At Volokh Conspiracy, David Kopel notes that in last week's decision in Adoptive Couple v. Baby Girl (a statutory interpretation case), Justice Thomas concurred on constitutional avoidance grounds,  The question was whether federal Indian law preempted state adoption law; in Thomas' view, Congress lacked power to regulate the adoption at issue because the Indian Commerce Clause (the only plausible source of federal power) does not give Congress plenary power over anyone who happens to be part Indian.

Kopel adds that Justice Thomas' opinion relies heavily on Rob Natelson's article The Original Understanding of the Indian Commerce Clause (Denver Law Review, 2007).  (Thomas also cites my former colleague Saikrishna Prakash's 2004 Cornell Law Review article Against Tribal Fungibility).
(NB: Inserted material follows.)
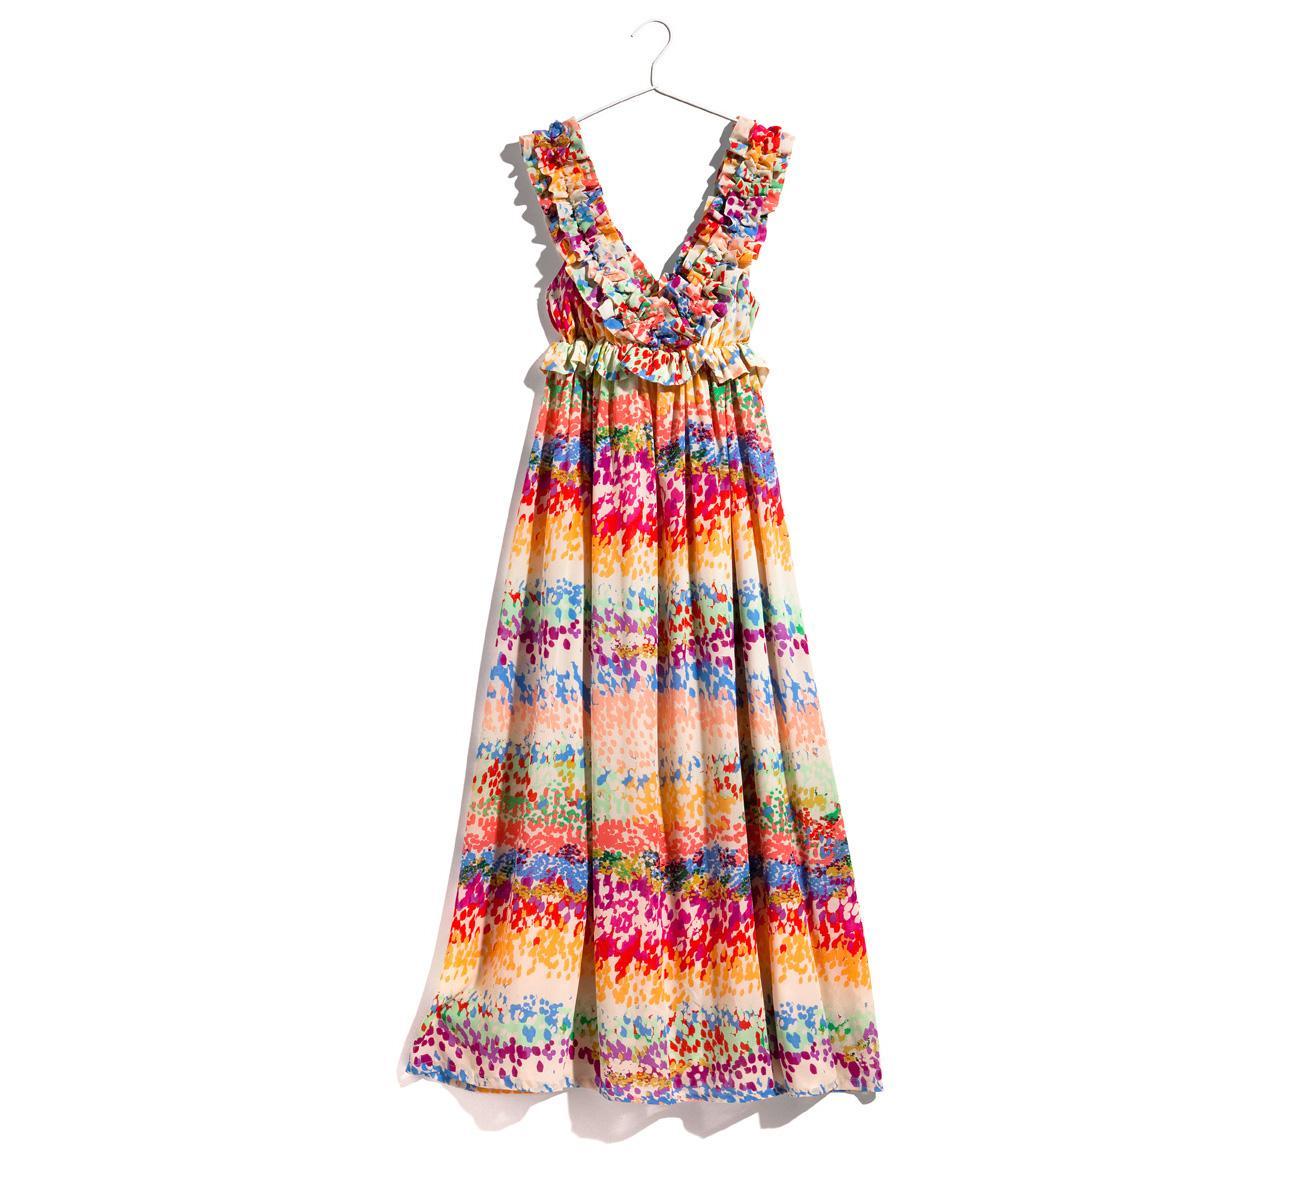 Модные сшитые сарафаны
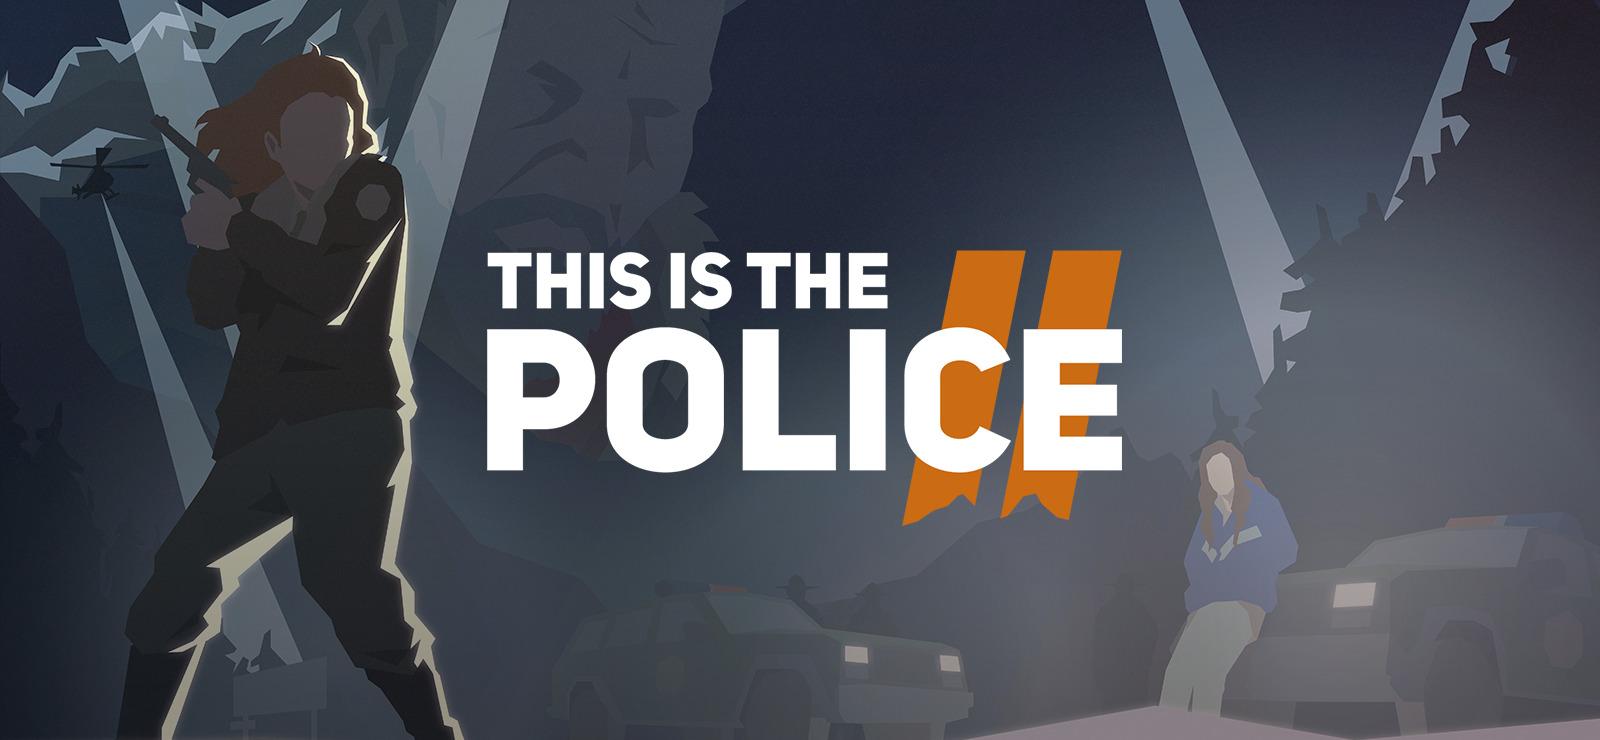 Прохождение This is the Police 2

RELATED: At Prawfsblawg, Will Baude thinks Justice Thomas had a pretty good month last month.  But he is a little skeptical of Thomas' Adoptive Parents concurrence, and points to this post by Jacob Levy expressing even greater skepticism:

Thomas' concurrence in Adoptive Couple vs Baby Girl is shocking. He manages to concoct a story whereby the Constitution granted Congress *less* power relative to the states than the Articles had when it came to Indian affairs. He claims that the Indian Commerce Clause only applies to tribes in the unorganized west, outside state boundaries altogether. This is very nearly backwards. Madison very deliberately *removed* the restriction in the Articles limiting Congressional authority to "Indians, not members of any of the States."

MY THOUGHTS on this:  I'm not sure Professor Levy is reading Thomas right.  Off the top of my head, I can't see anything in the Constitution's text that would limit Congress' Indian Commerce power to tribes beyond state boundaries.  Nor is it obvious why that limit would be assumed -- at the time, some of the tribes within state boundaries were extremely powerful, and relations with them seemed to call for a national approach.  But I don't read Thomas as imposing that limit; all he says is that Congress' power is only to "regulate trade with Indian tribes — that is, Indians who had not been incorporated into the body-politic of any State", which (I would think) could include Indians living in tribes either within or outside a state.

In any event, surely Thomas is right in the particular case: the text seems clearly not to grant Congress plenary powers over Indian affairs -- only powers over "commerce" (in parallel with the power over interstate commerce), which however one looks at it would not seem to include adoptions.  Congress' limited power over Indian affairs is, of course, entirely plausible since it was assumed (correctly) that post-ratification relations with Indian tribes would be mostly handled by treaty.

(Further note: Justice Scalia dissented without addressing Congress' power).

UPDATE:  Jacob Levy, in an update on his blog, points out in response that Thomas does say, later in his opinion,  "The ratifiers almost certainly understood the Clause to confer a relatively modest power on Congress — namely, the power to regulate trade with Indian tribes living beyond state borders."  So it may be more likely that I am misreading the sentence I quoted above.

After a further re-read, though, I think the concurrence is ambiguous on this point.  Thomas provides quite a bit of textual and contextual evidence that Congress' power over Indian affairs (a) is not plenary, being limited to "commerce"; and (b) does not extend to Indians not living in tribal areas, being limited to commerce with "tribes" rather than commerce "with Indians."  All that sounds fine to me (contra Professor Levy, it's not obvious to me that the power conveyed to Congress in the Constitution can't be less than the power conveyed in the Articles of Confederation).  But I don't see any support in the concurrence for its claim that the ratifiers understood Congress' power to exist only beyond state boundaries.  As far as I can tell, the only evidence (such as it is) offered is that essentially no one in the ratifying debates objected to the power granted to Congress.  So to the extent that's what the concurrence is saying, I agree with Professor Levy that it's not well founded.

Professor Levy also recommends this article by Gregory Ablavsky (University of Pennsylvania Law School): The Savage Constitution (Duke Law Journal, forthcoming).